→ PROBLEM TO WORK ON:
Retype, exactly and with nothing added, the lines from the one showing "Silhouettes of Worker" through the final line of the material. Omit pictures.

→ INFORMATION SHOWN:

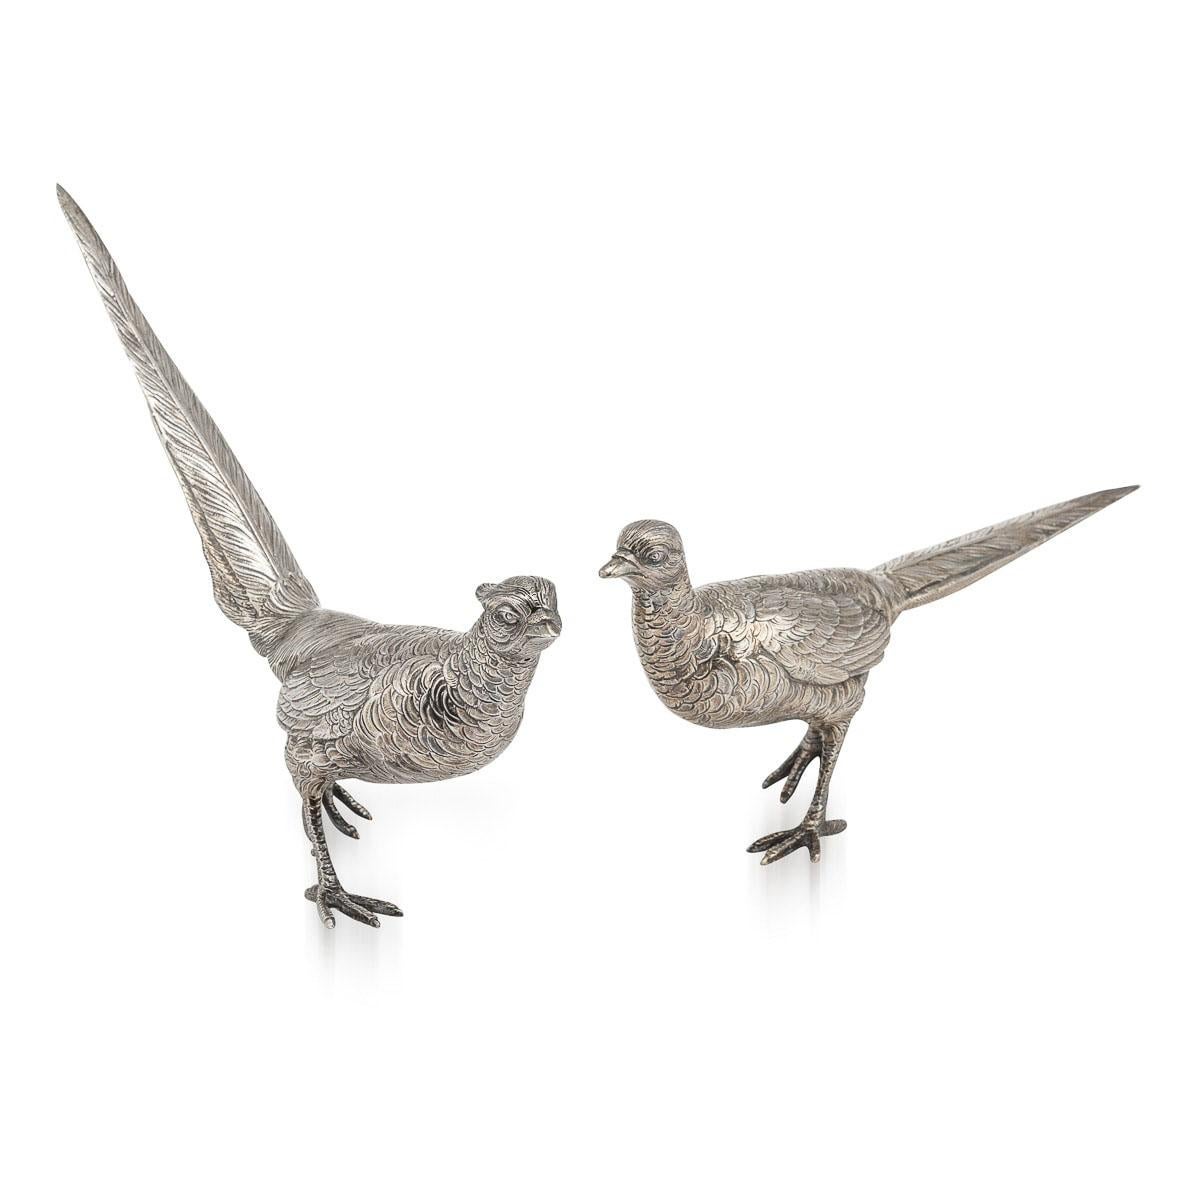 Mid 20th Century solid silver pair of pheasants, very ornamental and well refined. Each statue is naturalistically modelled as a standing bird, perfect to use as a table ornament. The male pheasant is slightly larger than the female. A perfect
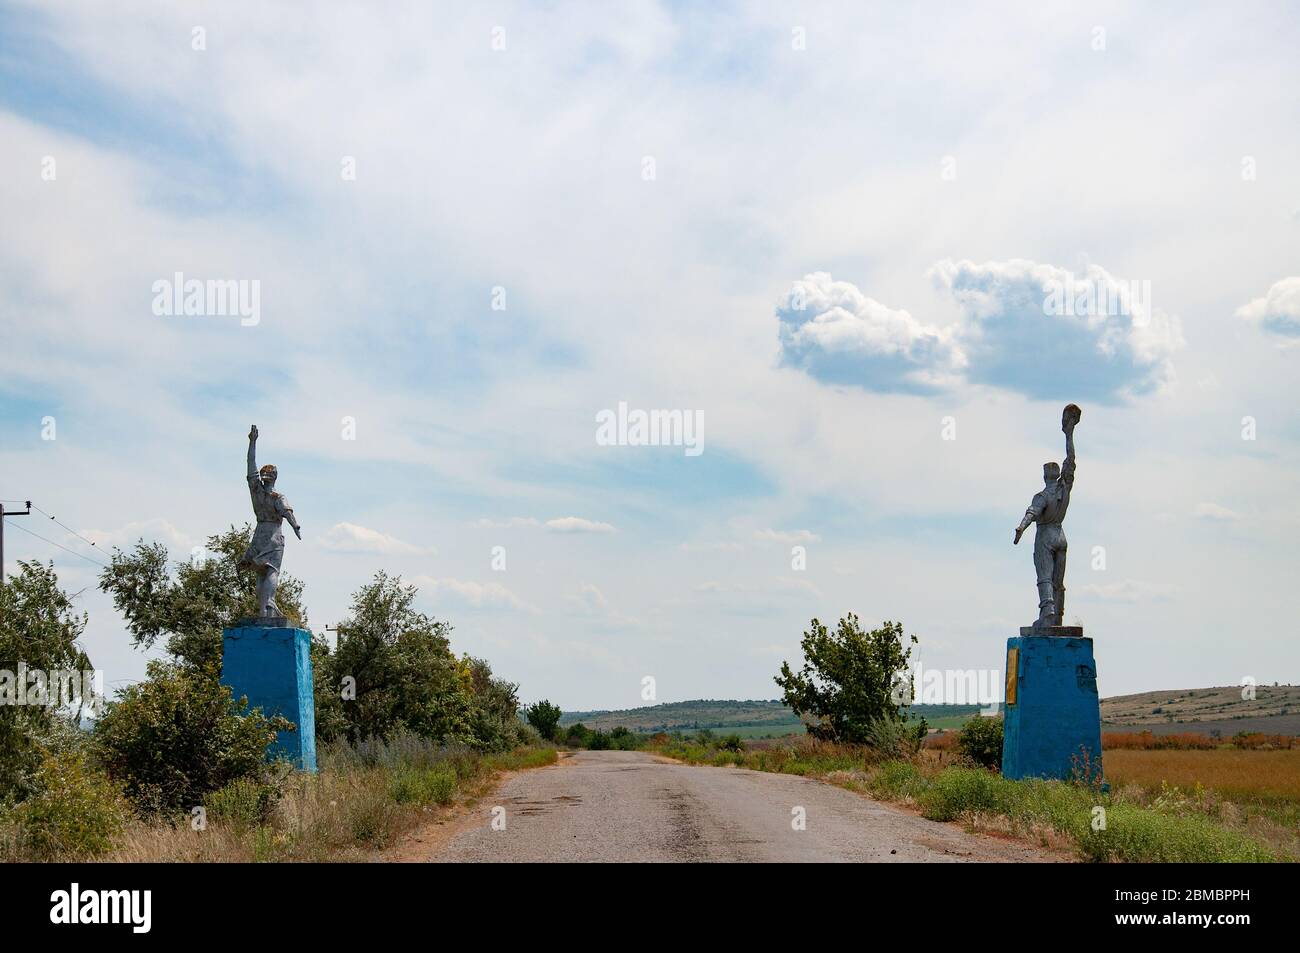 Silhouettes of Worker and Kolkhoz Woman style statues by roadsides. Social realism monuments in countryside of Ukraine. Stock Photo
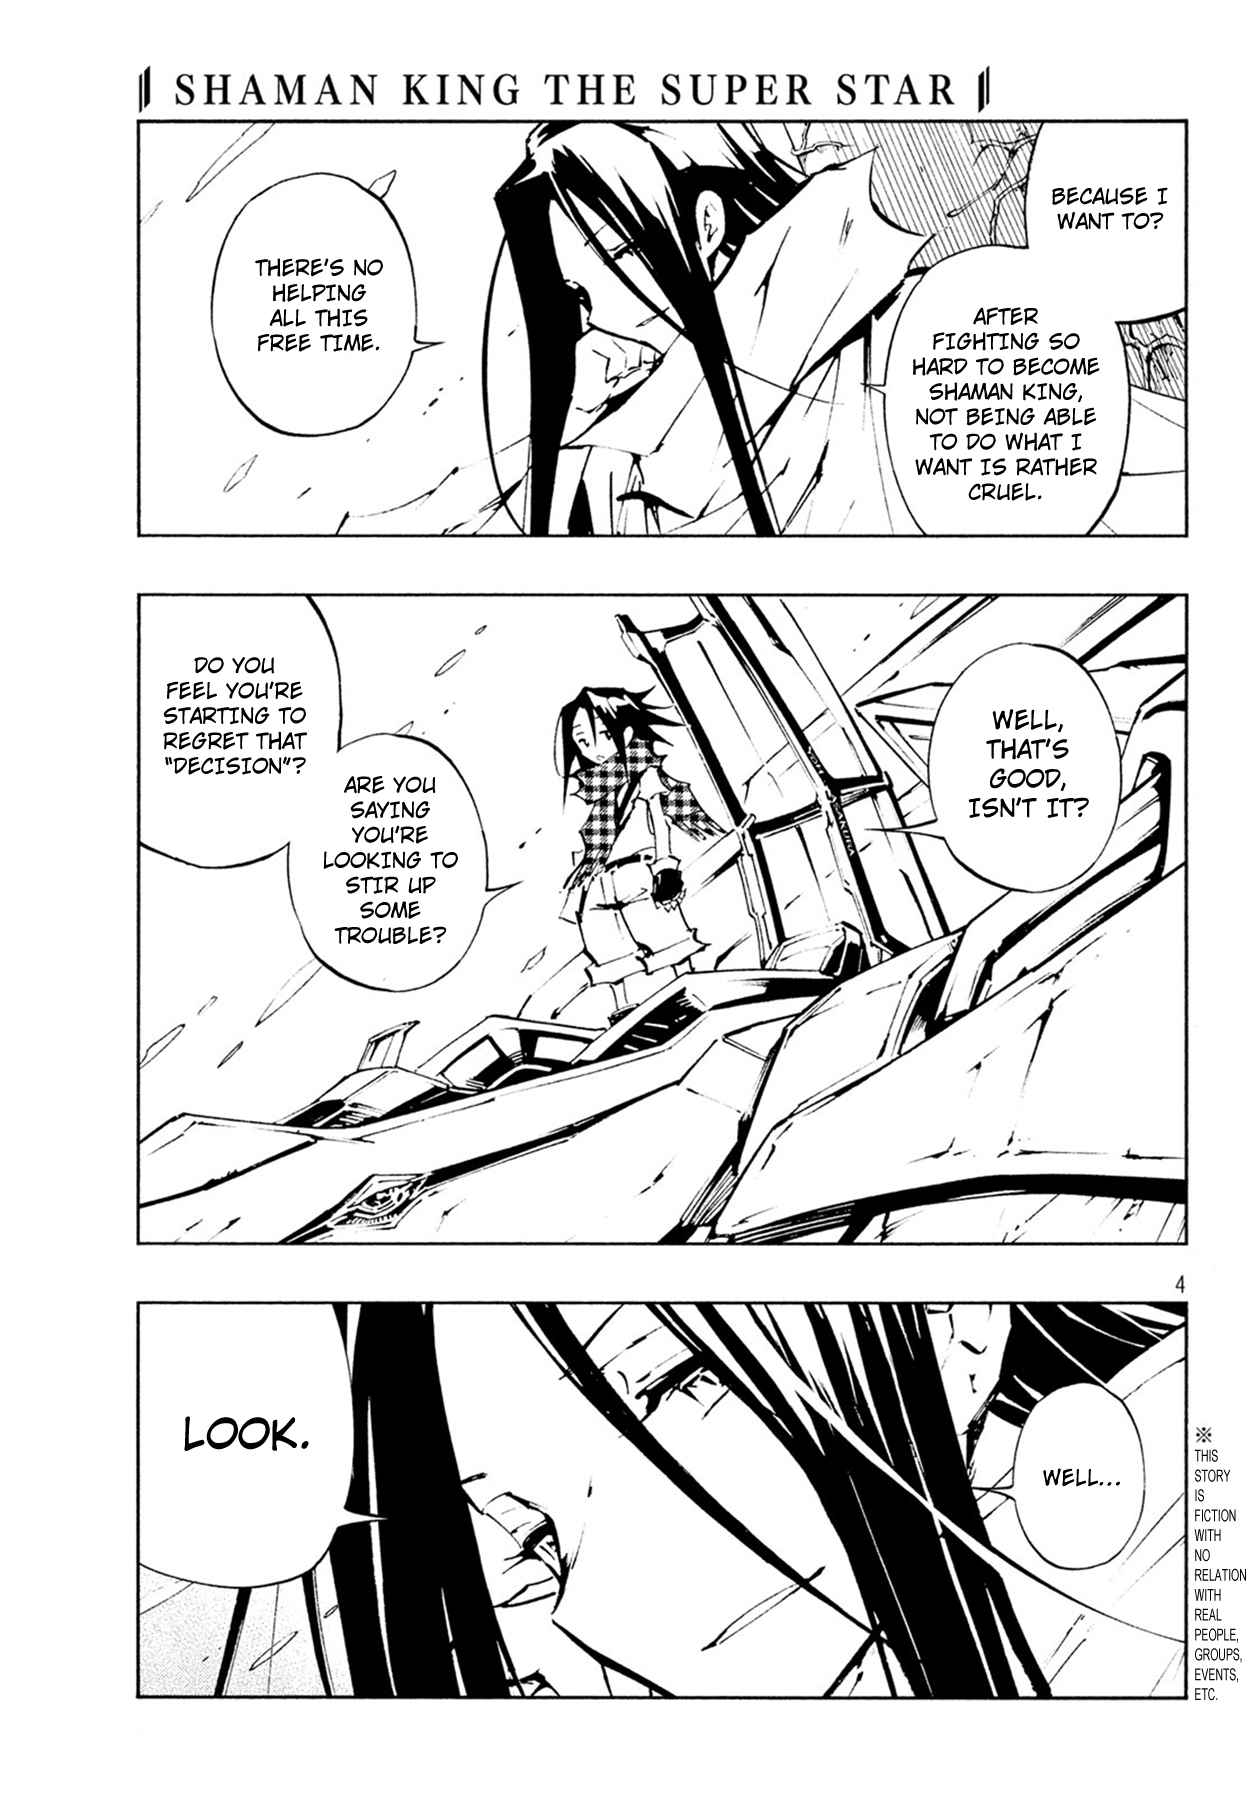 Shaman King: The Super Star Vol. 1 Ch. 1 She came by sidecar!

→ REPLY TO THE TASK:
 Silhouettes of Worker and Kolkhoz Woman style statues by roadsides. Social realism monuments in countryside of Ukraine. Stock Photo
 Shaman King: The Super Star Vol. 1 Ch. 1 She came by sidecar!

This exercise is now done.